Но все эти тревожащие мое воображение мысли, так и не получив ответов, забывались и пропадали днем, как звезды на небе при появлении солнца. Дневное белое сознание не желало вспоминать о ночных мучениях и, пользуясь привилегией детства, наполняло себя покоем. Эта легкость забывания и выныриванья в новый день: откуда она? И еще: откуда покой? Я просыпался на маленькой кушетке в углу комнаты, и в комнате был свежий кудреватый воздух, завитый писком воробьев, от ветра шевелилась штора, и я выныривал из сна в тишину пустой квартиры, как купальщик из глубокого омута. Лопалась скорлупа нового дня, рвалась соединительная пуповина, и сквозь тонкую перепонку просвечивал скелет новой мысли. Например, почему мое неизвестно где шлявшееся ночью "я" опять, словно воздух в кожаный мяч, возвратилось в эту тесную оболочку десятилетнего мальчика? Так уж это точно, что "я" - это я; может быть, "я" - это кто-нибудь другой, имя которого еще только неизвестно? Разве в той стране, куда пропадает мое гулящее "я" невозможны ошибки, перемены платья или, по крайней мере, обмен опытом? Звонок в квартиру, я бегу открывать. Входит мое "я" в облике старухи-почтальонши и просит расписаться в получении заказного письма. Я, то есть на самом деле морщинистая старуха, расписываюсь и даю себе, как это делает бабушка Мария, гривенник в ладонь.
Впрочем, мысль может принять и иное направление. Пусть переселиться в другую оболочку дело непростое, но хотя бы заглянуть в нее, как в замочную скважину, неужели это так трудно? Неужели нет никакой возможности найти этот потайной глазок, ведущий в глубь и суть посторонне текущей жизни? Бабушка Мария как-то, споткнувшись у стола, уронила огромную фаянсовую гусятницу с ручками-ушами, расколовшуюся на разные части. Все видели одно и то же, а сказали каждый свое. Почему? Хотя необязательно. Мысли утром могут быть и совсем простые, склеенные из первых впечатлений о девочках, мальчишеских обид и поступков, мечтаний о кожаных штанах и прочей чепухе, которая журчит и переливается во мне, как жидкость в мелкой посуде. Я лежу, пока кто-нибудь не заглянет в комнату и, удостоверившись в моем пробуждении, не потребует, чтобы я вставал. Опасаясь распространенной среди мальчиков дурной привычки, меня заставляют спать на жестком, не разрешают долго валяться в постели и держать руки под одеялом.

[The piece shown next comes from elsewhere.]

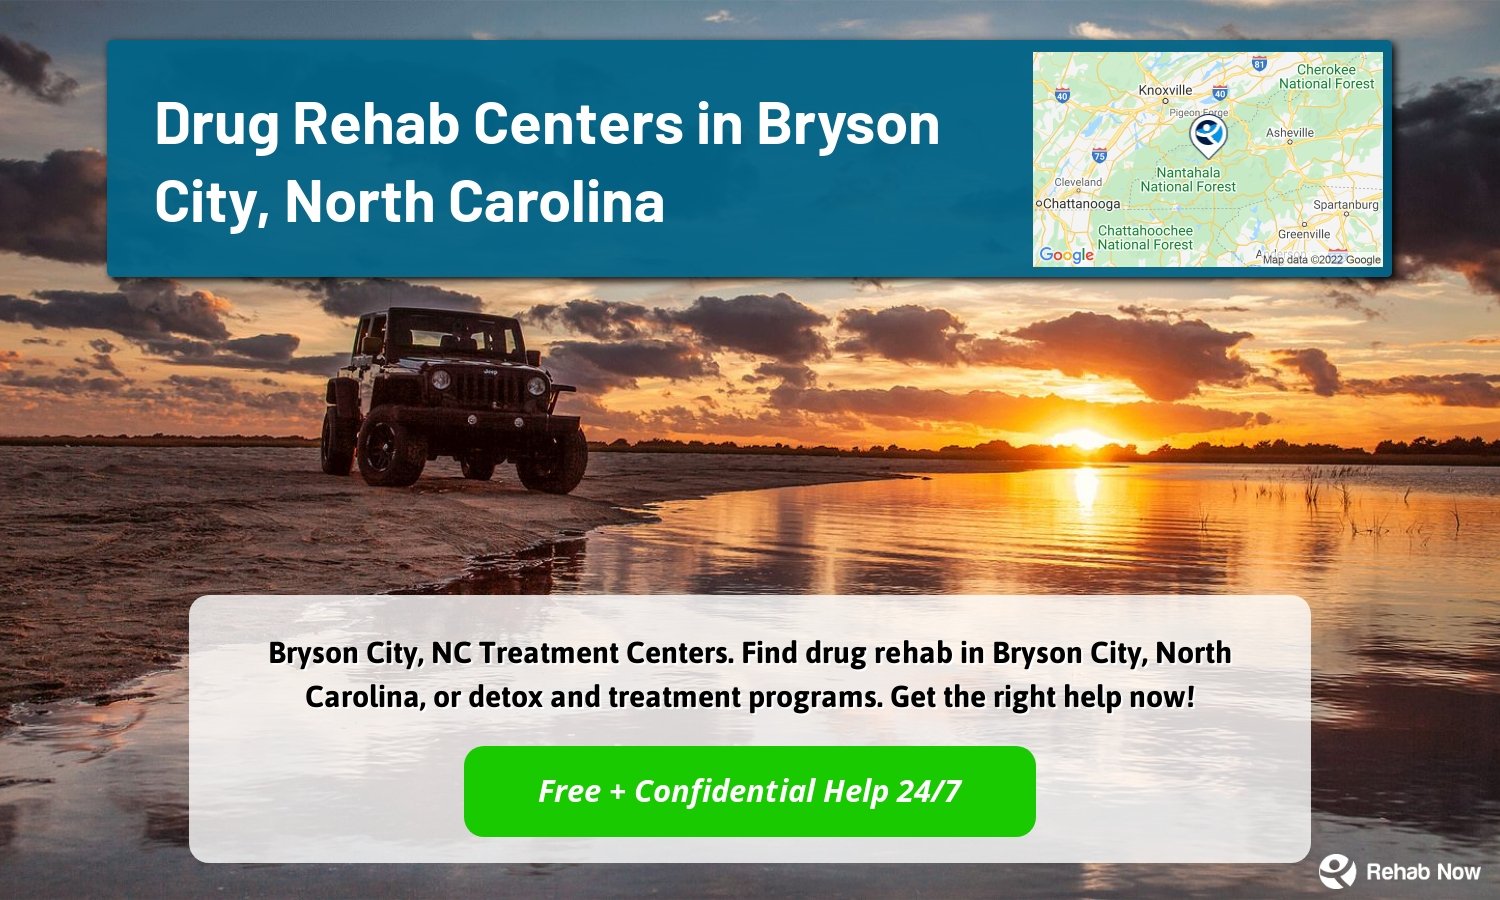 Bryson City, NC Treatment Centers. Find drug rehab in Bryson City, North Carolina, or detox and treatment programs. Get the right help now!
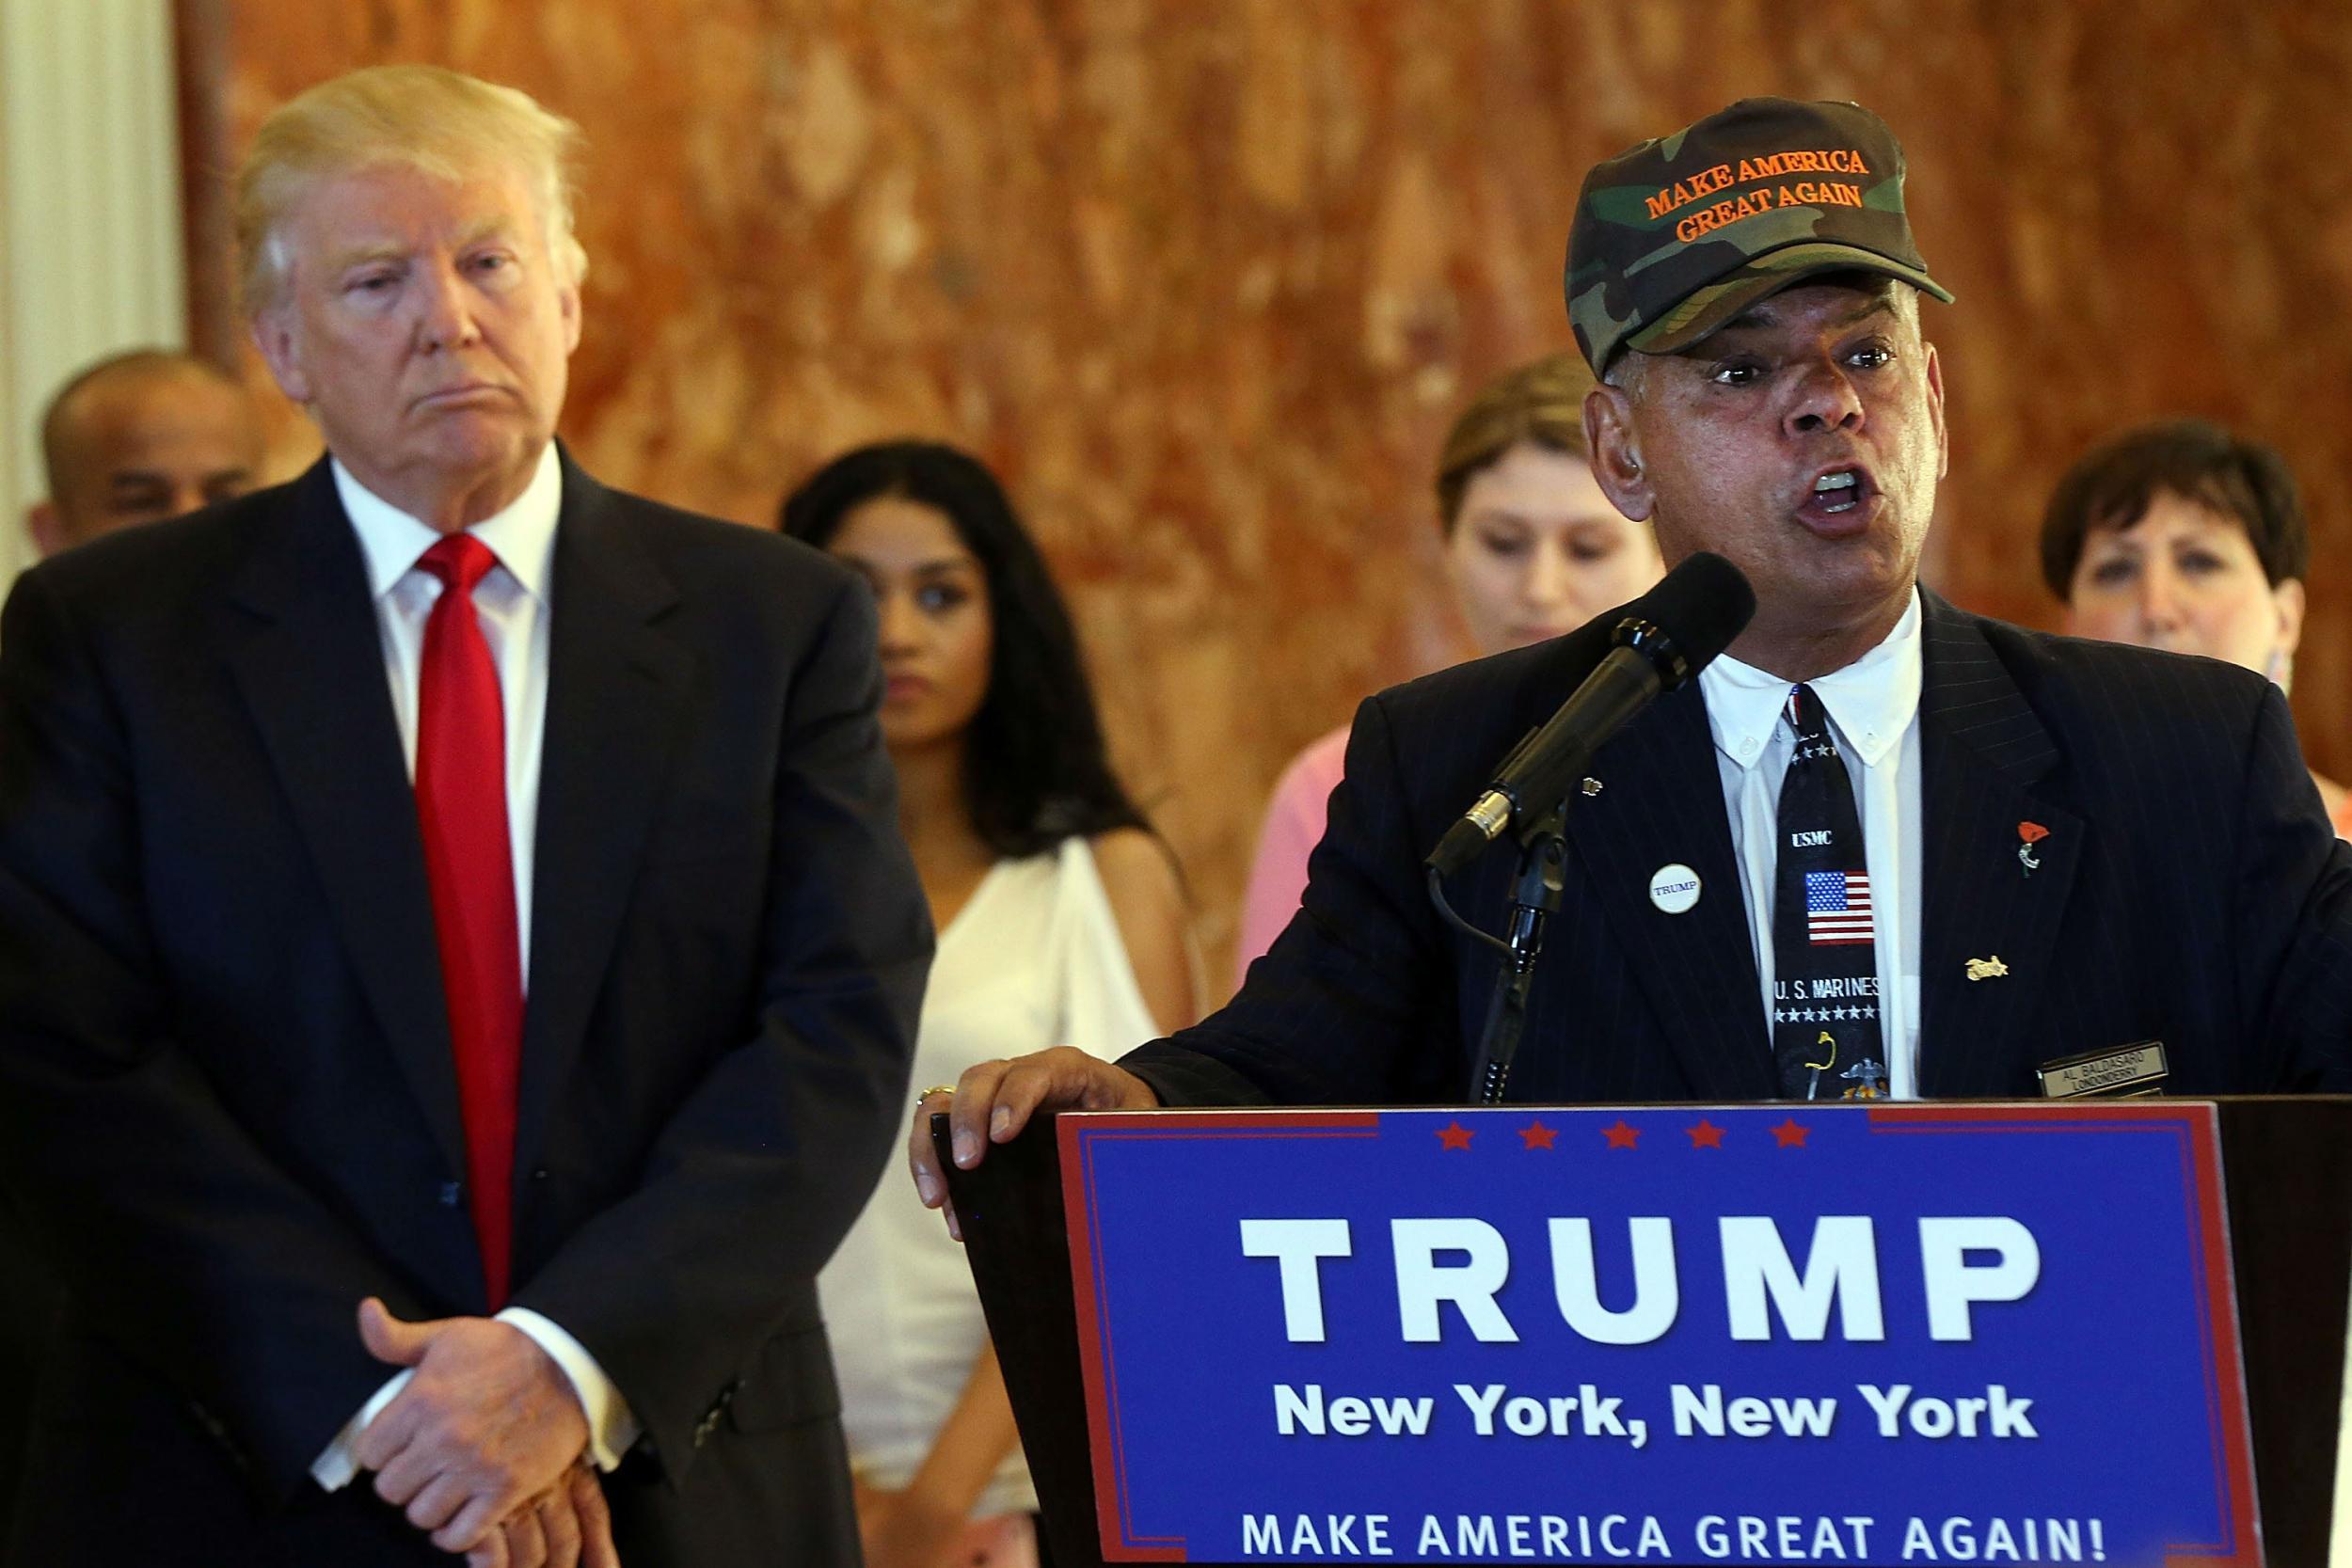 Mr Baldasaro became involved in the campaign through Mr Trump's focus on veterans

И все-таки: прозрачная прострация покоя - откуда она? Время не ощутимо наподобие воздуха, приятного для тела: оно не колет, не выдает своего присутствия. В это состояние прострации я мог войти легко, словно в открытую дверь. Вот я стою у решетки набережной, гляжу на воду и думаю, вернее, как всегда растекаюсь мыслью по древу. Потом, вспомнив об одном маленьком удовольствии, оглядываюсь на взрослых - делать то, что я собираюсь, мне не позволяется - и осторожно сплевываю на воду. Плевок получается слабый и быстро пропадает. Тогда я плюю еще, теперь у меня получается удачней, и белое пятнышко плевка, чуть покачиваясь на легкой зыби волн, медленно начинает спускаться вниз по течению. С удовольствием наблюдаю я за ним. Пятно напоминает белый глаз, будто кто-то, спрятавшись под водой, плывет и только посматривает на меня белесым зрачком. Я всегда воспринимал тайну как необходимость, и все необычное и фантастическое приводило меня в восторг. Ведь ничего еще неизвестно: я еще мог стать Муцием Сцеволой, Дантоном и даже князем Мышкиным; и все мерцающие впереди неясные очертания воспринимались укрупнено и безоговорочно. А плевок тем временем уже давно уплыл вниз по реке; он скрылся в той стороне, где даже отсюда виднеется железнодорожный мост и где находится офицерский пляж, куда мы часто ходили вместе с дедушкой Рихтером.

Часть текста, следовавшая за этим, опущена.